Stem cells hold so much potential for regenerative medicine, it is understandable that so many people should be so impatient to see all that potential realized. But people, the desperately ill among them, need to recognize that stem cells aren’t talismans. In unregulated clinical settings, stem cells can be worthless or even harmful. That’s the bad news. The good news is that stem cells are giving up their profound but decidedly unmagical secrets.
What stem cells lose in mystery, they gain in practicality. They are to be seen as manageable biological units that can, given the right preparation, perform myriad therapeutic applications, less as miracle workers and more as drudges that accept reprogramming and subsequently perform their assigned tasks. They may also sacrifice some of their protean identity, turning into cells that are less stemmy but more effective (and safer) as therapeutic agents. Stemminess may even by bypassed completely, as when cells of one type are directly transdifferentiated into cells of another type.
Even as the preparation of stem cell therapeutics becomes more sophisticated, it is becoming more streamlined, more industrialized. Helping to advance both trends—greater refinement, greater manufacturability—is a new generation of biotech startups. Several of these startups are described in this article. By commercializing the latest stem cell technologies, these startups mean to add to the list of FDA-approved cell-based treatments.
At present, the only stem cell–based therapies on the market are those which use hematopoietic stem cells derived from umbilical cord blood. Yet the FDA has approved cell-based treatments in a range of disorders, including cancer and hematologic disorders.
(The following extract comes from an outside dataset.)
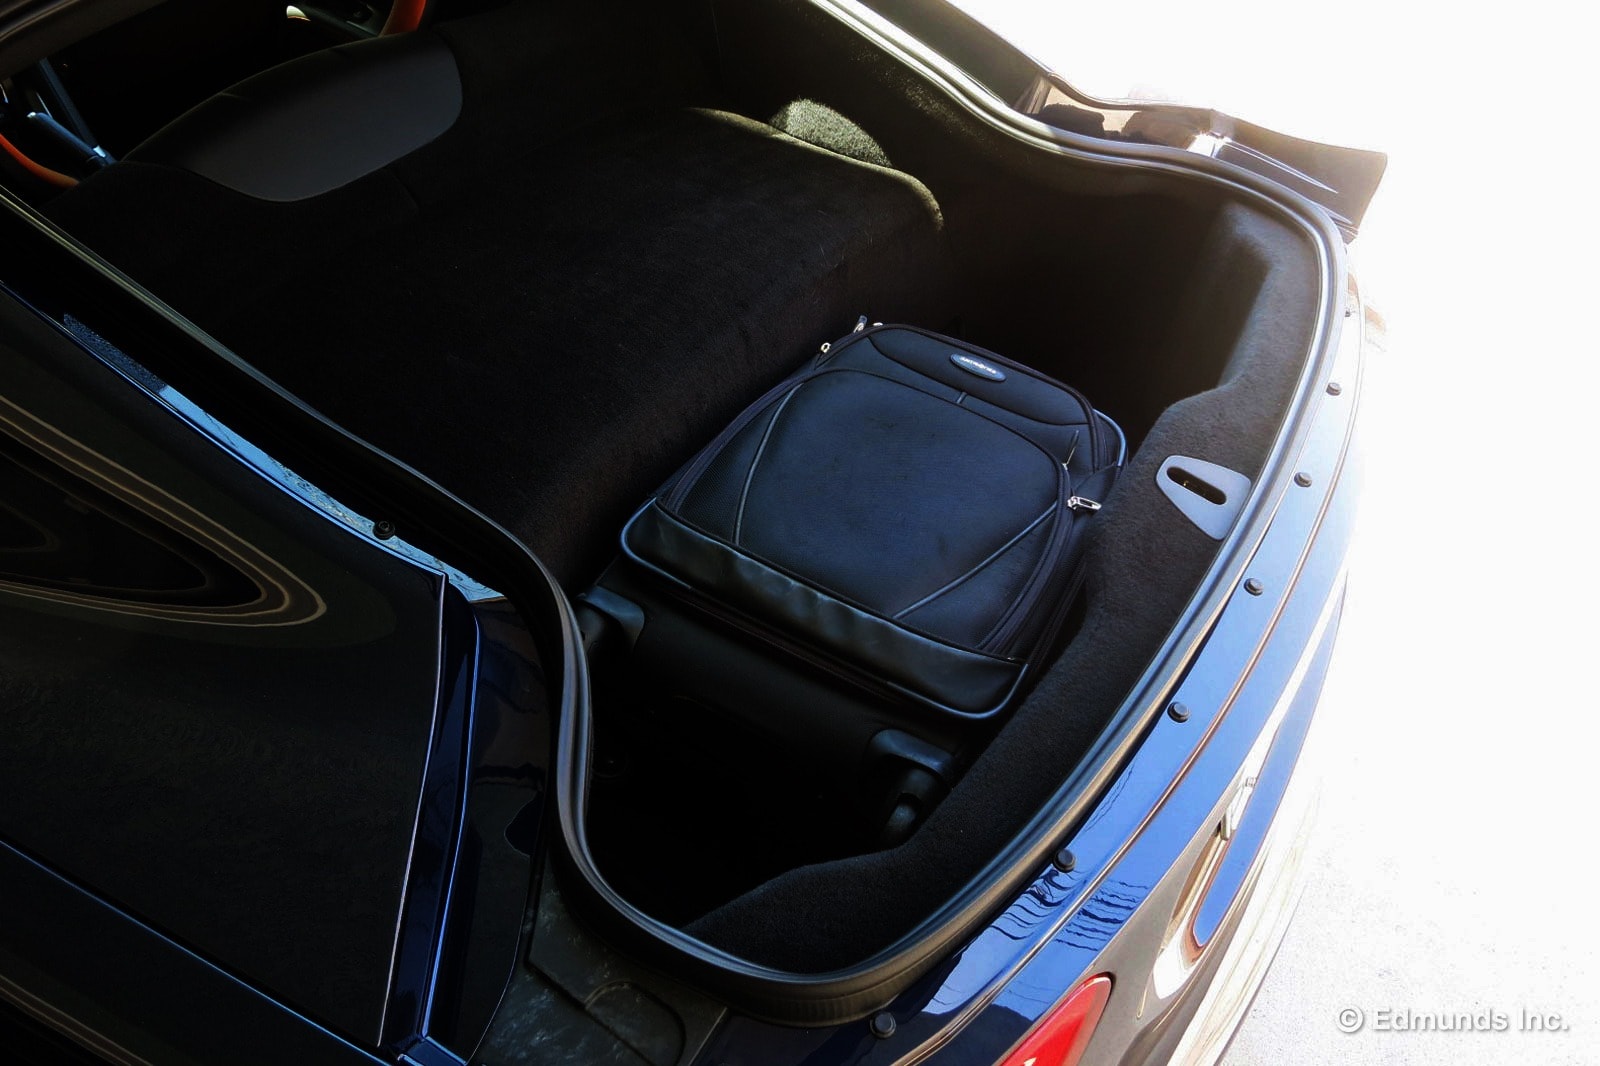 Unleashing the secrets of opening a Can-Am Spyder trunk without a key
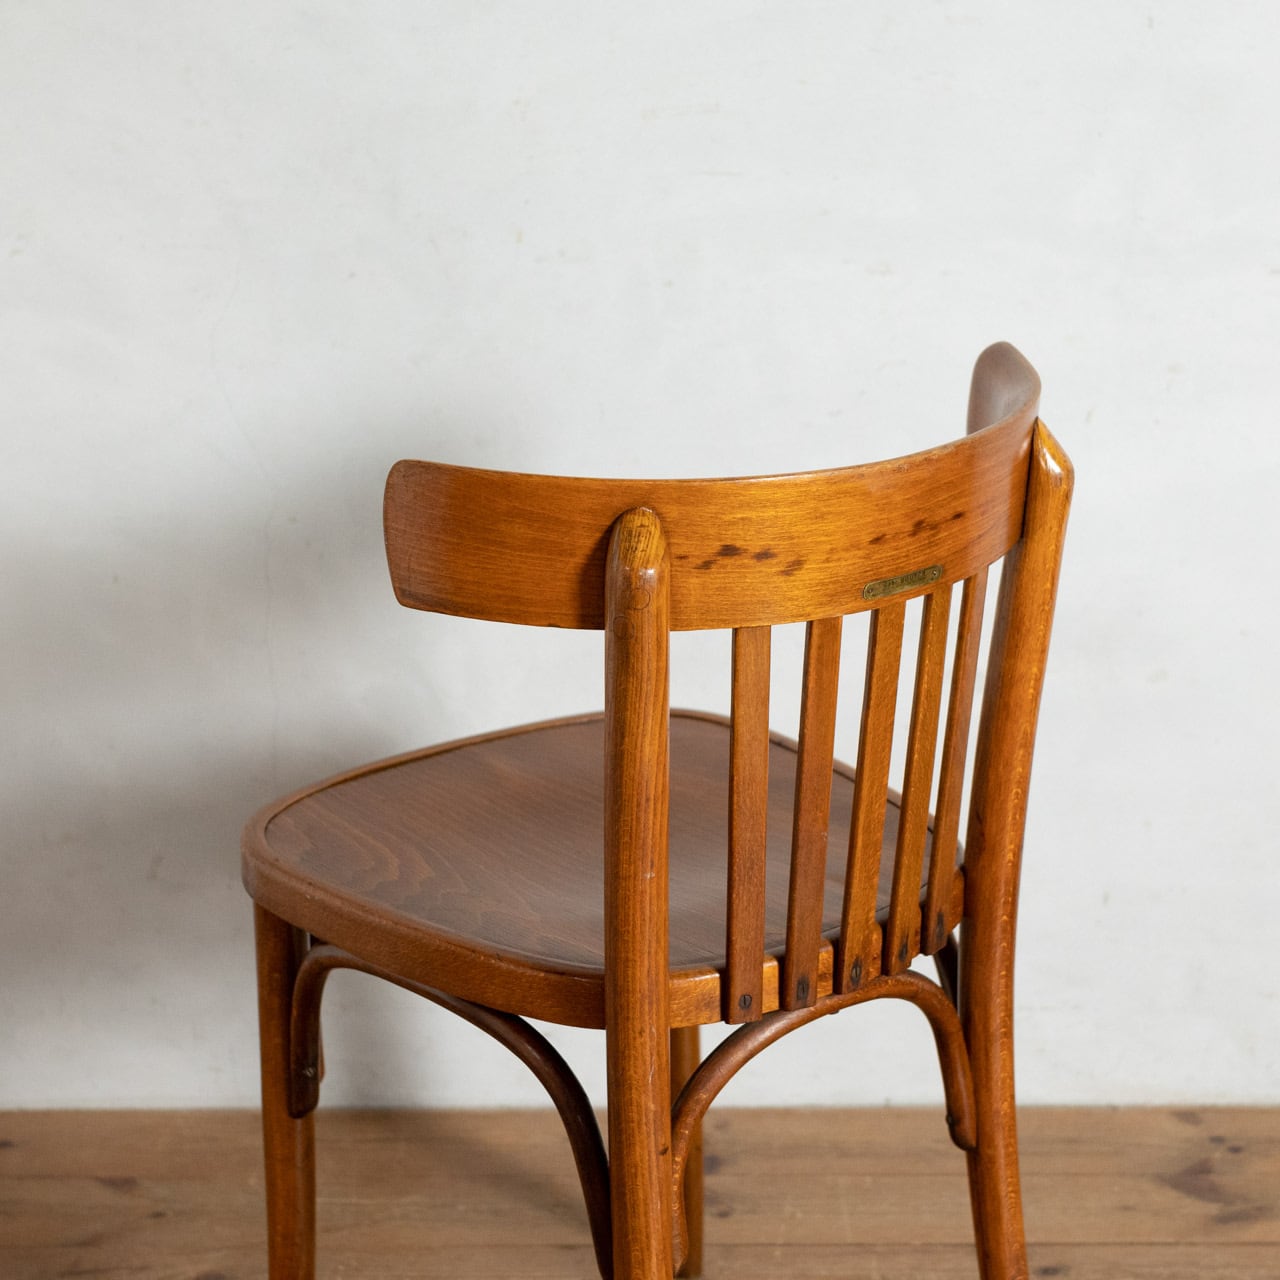 Bentwood Chair / ベントウッド  チェア【B】〈カフェチェア・ダイニングチェア・トーネット・THONET・アンティーク・ヴィンテージ〉113001 | SHABBY'S  MARKETPLACE　アンティーク・ヴィンテージ 家具や雑貨のお店 powered by BASE

Going forward, cell-based treatments that make use of or are derived from stem cells may proliferate and realize the decades-old dream of countless stem cell cures.
Placenta-derived cells
Celularity, a spinoff from Celgene that was founded in 2017, is developing allogeneic placenta-derived cell therapy products in the areas of hematology, infectious disease, and degenerative disease. Its most advanced programs include placental natural killer (NK) cells for cancer and infectious disease. They are also studying placenta-derived adherent cells in multiple sclerosis and nonhealing wounds in diabetes.
Celularity’s founder and CEO Robert J. Hariri, MD, PhD, says that placenta-derived stem cells can be delivered allogeneically without the need to match the donor to the recipient. Such cells possess immunomodulatory properties that help the mother tolerate the immunologically distinct fetus.
“The technology that resides at Celularity is that the organ is nature’s professional universal-donor material,” asserts Hariri. Moreover, cells isolated from the placenta may contribute to various kinds of therapies, including immunotherapies that depend on chimeric antigen receptor (CAR) T cells or NK cells. Celularity has clinical-stage oncology programs in acute myeloid leukemia, multiple myeloma, and glioblastoma multiforme, as well as clinical-stage infectious disease programs in COVID-19 that use placenta-derived unengineered NK cells.
“The placenta is a very rich source of stem and progenitor cells that can be mass produced at clinical grade in culture expansion in our manufacturing facility,” says Hariri. “And they preserve cell viability and function under cryopreservation, where they have a shelf life that can be measured in decades.” In contrast, an autologous stem cell therapy carries a logistical burden involving collecting the cells from patients, sending them to a facility for processing, and then returning them to the patient after 30–45 days.
Hariri views Celularity’s manufacturing expertise as an important differentiator from other companies in the cell therapy space. He notes that Celularity has recently completed construction on its world headquarters and manufacturing center, which “may be the largest GMP cell manufacturing facility in any independent company.”
Vision restoration
Manufacturing is a consistent challenge for stem cell companies across the industry. Stem cells are difficult to culture and expand, and prone to contamination. That means mastering the technology in the research laboratory is only the first, small step on the path to commercialization. Companies in the space must master batch-to-batch consistency with robust analytics and an independent measurement system to monitor results.
“It’s about the ability to produce the cells in a consistent, quality manner,” stresses Olav Hellebo, CEO of ReNeuron, a company that develops therapeutics from retina-specific stem cells. “That’s the hardest thing. It’s a mix between science and art.”
“There’s no point in having great clinical data and then not being able to reproduce the product that you got the data with,” he continues. “And believe me, it happens all the time.”
ReNeuron has a program for retinitis pigmentosa (RP) that is in Phase I/IIa. Currently, the only available treatment for RP is a gene therapy, Luxterna, marketed by Spark Therapeutics. But Hellebo says that Luxterna works only for patients with RPE65 gene deficiency—a small percentage of patients.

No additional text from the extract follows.